In electronic engineering, ground bounce is a phenomenon associated with transistor switching where the gate voltage can appear to be less than the local ground potential, causing the unstable operation of a logic gate.

Description

Ground bounce is usually seen on high density VLSI where insufficient precautions have been taken to supply a logic gate with a sufficiently low impedance connection to ground (or sufficiently high bypass capacitance). In this phenomenon, when the base of an NPN transistor is turned on, enough current flows through the emitter-collector circuit that the silicon in the immediate vicinity of the emitter-ground connection is pulled partially high, sometimes by several volts, thus raising the local ground, as perceived at the gate, to a value significantly above true ground.
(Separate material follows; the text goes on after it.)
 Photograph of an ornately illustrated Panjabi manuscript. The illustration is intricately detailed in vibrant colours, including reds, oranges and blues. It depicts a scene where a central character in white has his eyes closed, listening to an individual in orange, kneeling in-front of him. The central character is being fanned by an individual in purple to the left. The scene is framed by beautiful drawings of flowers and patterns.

Relative to this local ground, the base voltage can go negative, thus shutting off the transistor. As the excess local charge dissipates, the transistor turns back on, possibly causing a repeat of the phenomenon, sometimes up to a half-dozen bounces.
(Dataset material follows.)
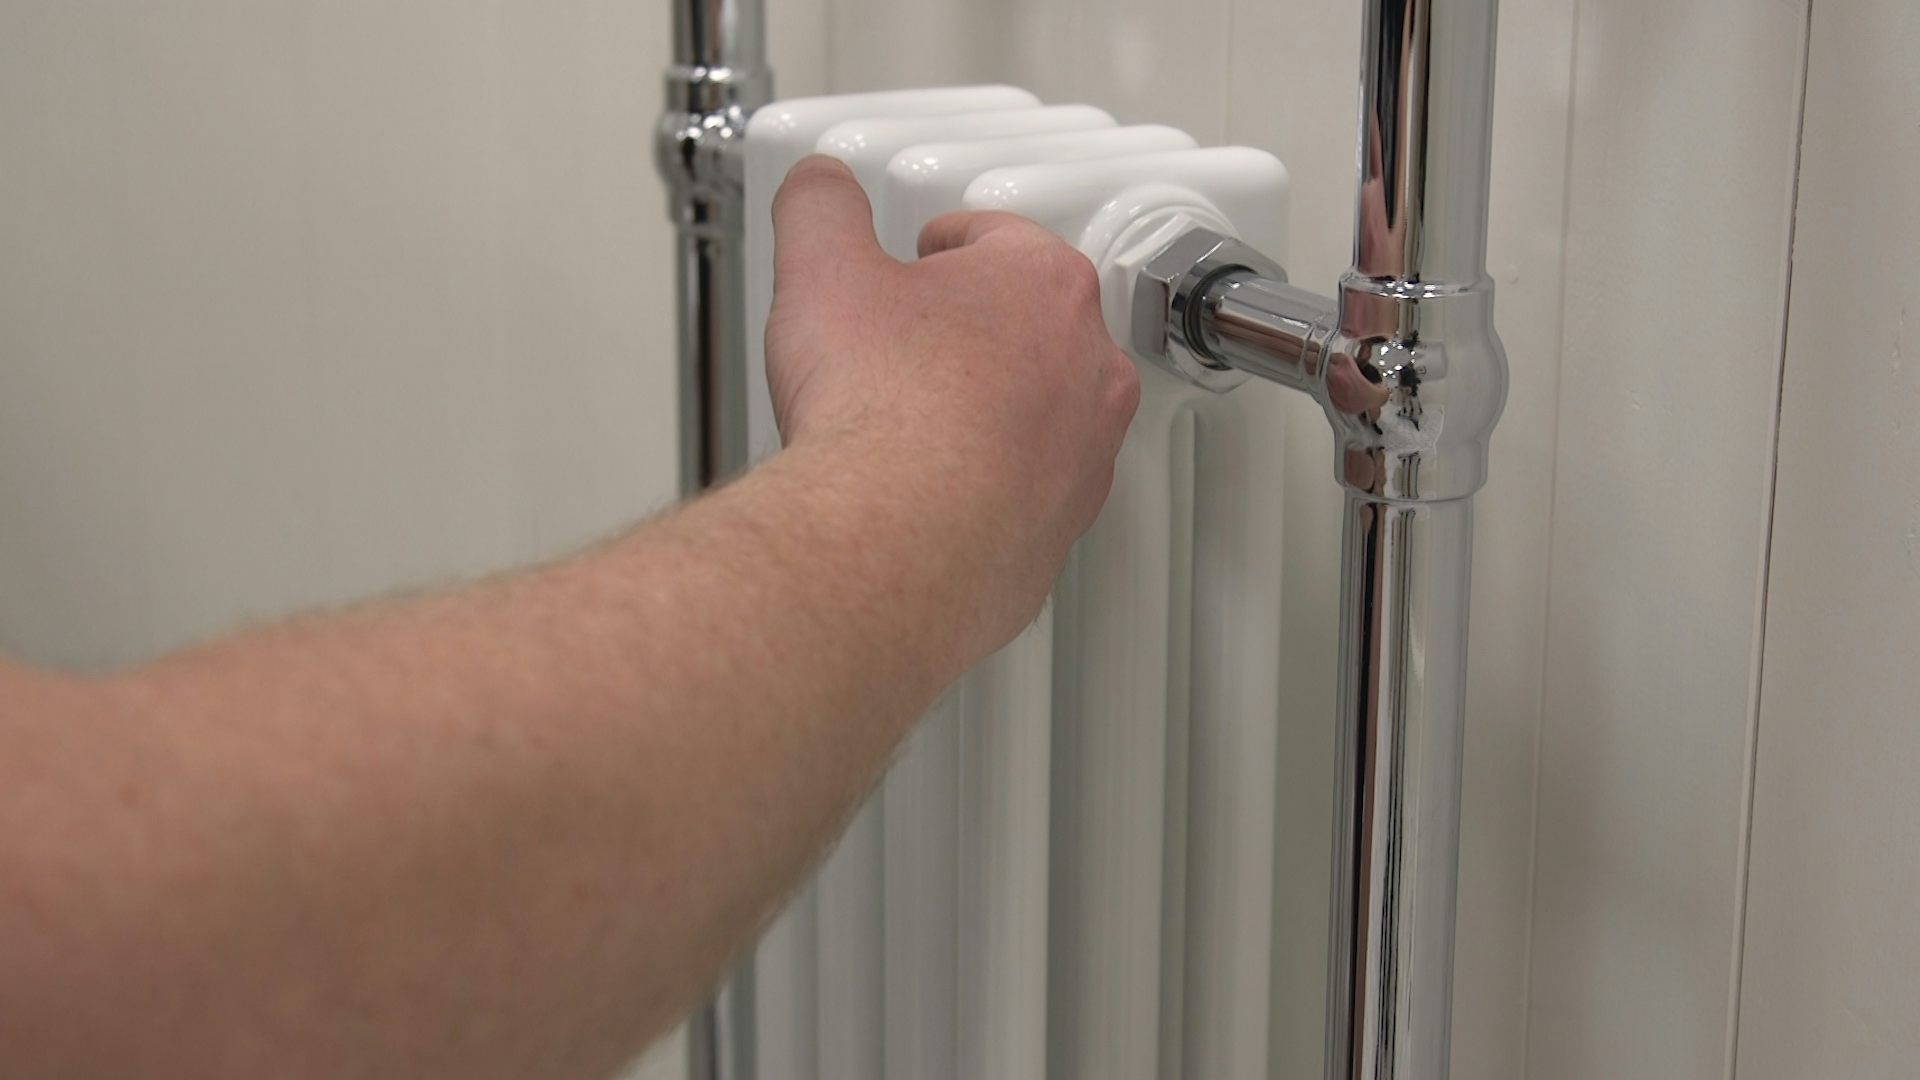 Check radiators or heated towel radiator for cold spots

Ground bounce is one of the leading causes of "hung" or metastable gates in modern digital circuit design. This happens because the ground bounce puts the input of a flip flop effectively at voltage level that is neither a one nor a zero at clock time, or causes untoward effects in the clock itself. A similar voltage sag phenomenon may be seen on the collector side, called supply voltage sag (or VCC sag), where VCC is pulled unnaturally low. As a whole, ground bounce is a major issue in nanometer range technologies in VLSI.
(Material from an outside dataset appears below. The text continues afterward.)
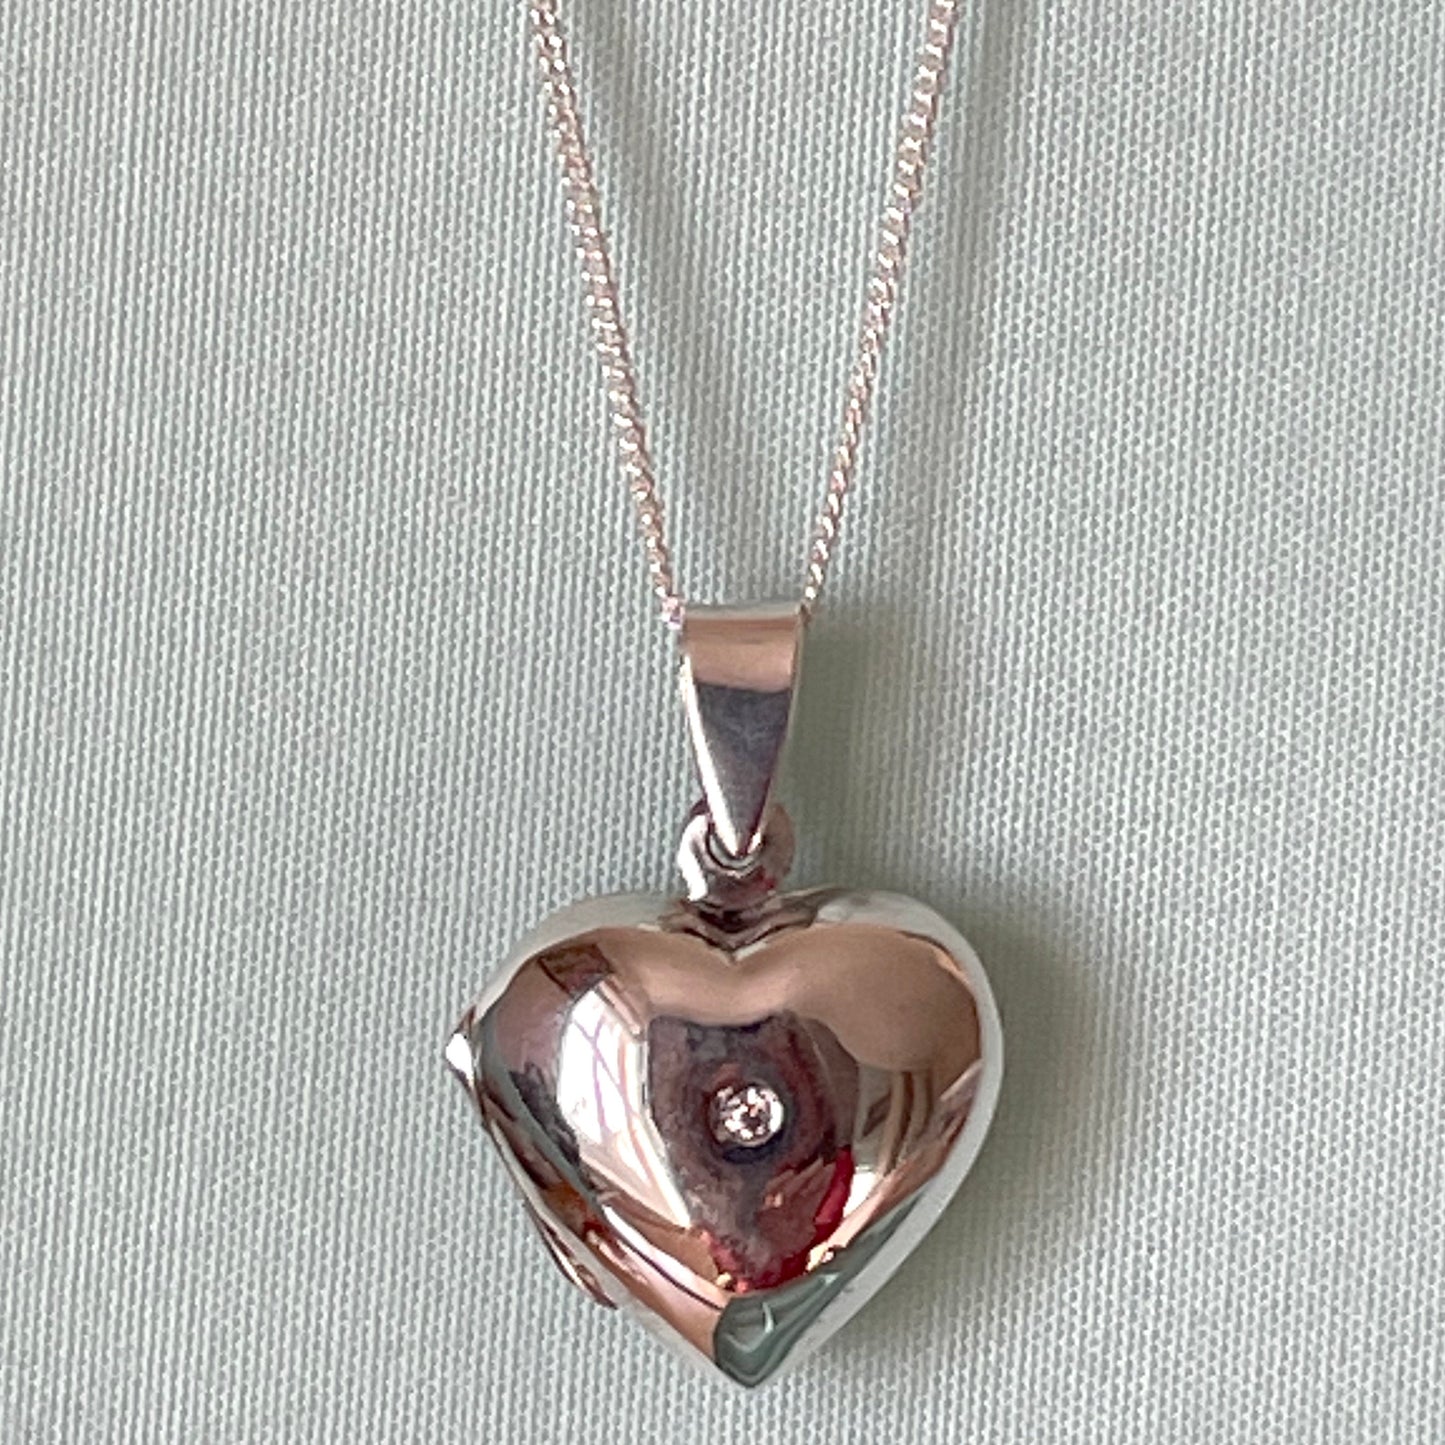 Sterling silver heart locket with cubic zircona stone

Ground bounce can also occur when the circuit board has poorly designed ground paths. Improper ground or VCC can lead to local variations in the ground level between various components. This is most commonly seen in circuit boards that have ground and VCC paths on the surfaces of the board.

Reduction

Ground bounce may be reduced by placing a 10–30-ohm resistor in series to each of the switching outputs to limit the current flow during the gate switch.[1]